基本的には、施策の実施前と実施後で測定することですね。これは人事としてデータを取っておきたいというのもありますが、アンケートの回答者にとっても、施策を通して自分自身が何をやってきたのか、腹落ちにつながるという側面もあります。そういう意味で、本人のその後にもつながるような形でアンケート設計ができるといいのではないかと思います。(坂爪氏)

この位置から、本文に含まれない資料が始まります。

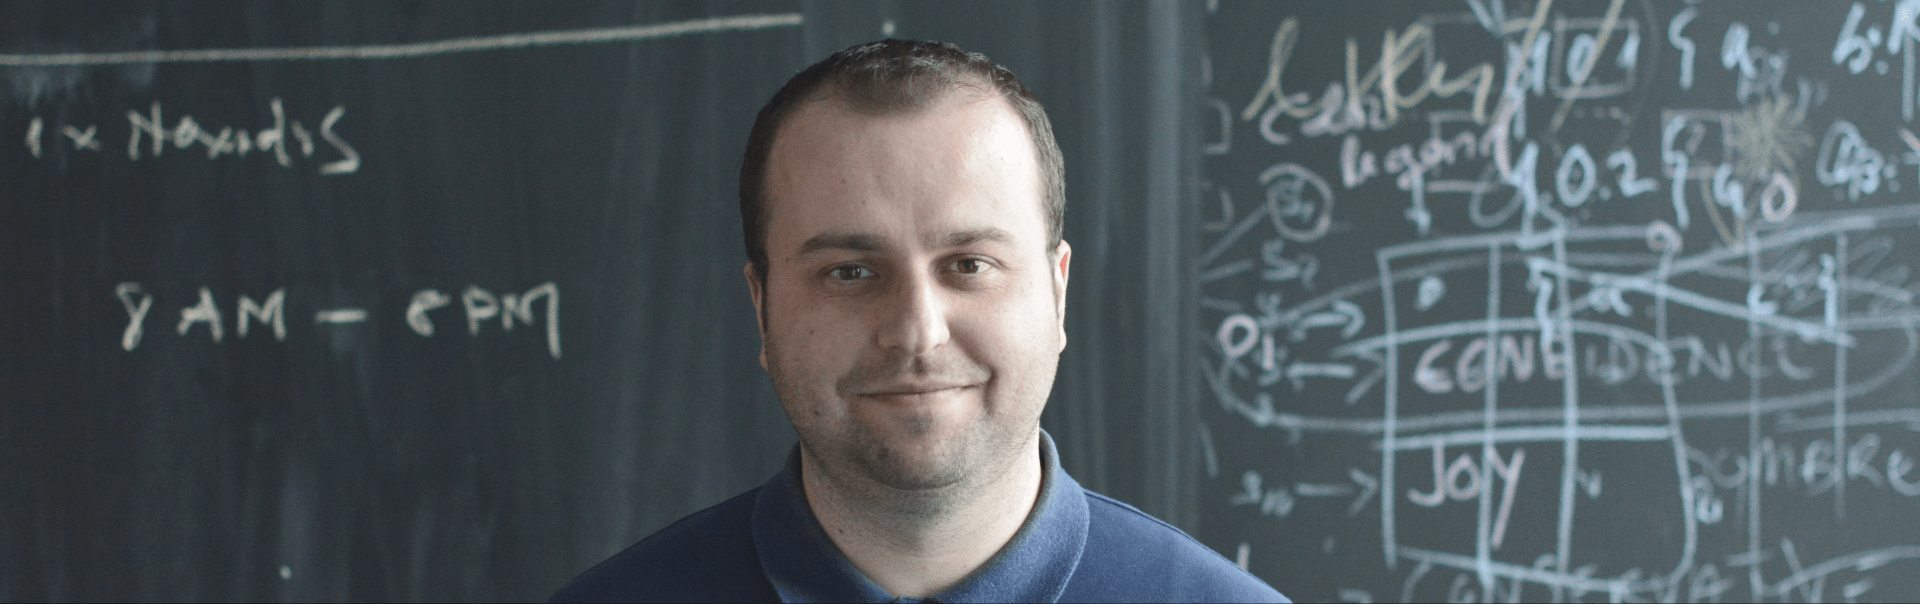 [Team Spotlight] I’m SILVIU, the QA guy, and this is how I rock automated testing at Q

株式会社デンソー 生産革新センター 生産革新企画部 統括企画室 人財組織課
石原 香氏
大学卒業後、デンソーへ入社。海外拠点における生産技術教育の講師育成をはじめ、グローバル会議の運営や働き方変革、オフィス改革など幅広い業務に従事。2018年より、技術系新人採用の生産技術コースを立ち上げ、現在まで主に生産技術人財のリクルーティング・タレントマネジメントを担当。

株式会社デンソー 生産技術部 生産システム戦略室
山本 もと子氏
College of Eastern Utah、横浜国立大学経営学部卒業後、豊田自動織機入社。事業企画、同行秘書等に従事。リクルートエージェントへ転職し、転職をサポート。出産を機に退職。2018年から、デンソーにて自動車部品製造で培ってきたモノづくりのノウハウを体系化した「Lean AutomationⓇ」の社内外への展開と、生産技術者の人材育成を担当。

法政大学 キャリアデザイン学部 教授
坂爪 洋美氏
慶應大学文学部卒業後、株式会社リクルート人材センター(現:リクルート・キャリア)での勤務を経て、慶應義塾大学大学院経営管理研究科にて2003年博士(経営学)を取得。和光大学を経て、2015年4月より現職。専門は組織行動論。主たる研究テーマは、多様化した働き方の下での管理職のマネジメントのあり方。近著に「管理職の役割」(共著:中央経済社)。

Crafting Leaders & Management 代表
西畑 慎也氏
大学卒業後、株式会社デンソーで、生産技術や組織マネジメントの実践経験を積む。国内外の製造拠点統括として、生産体制強化や製造基盤構築を推進し、事業戦略を実行。その後、人材育成と組織開発を担当し、個々人のキャリア形成と事業成果を両立する仕組みを構築。2023年に独立し、多様な人々との経験を通じて得た学びを活かし、未来を創造する支援を行う。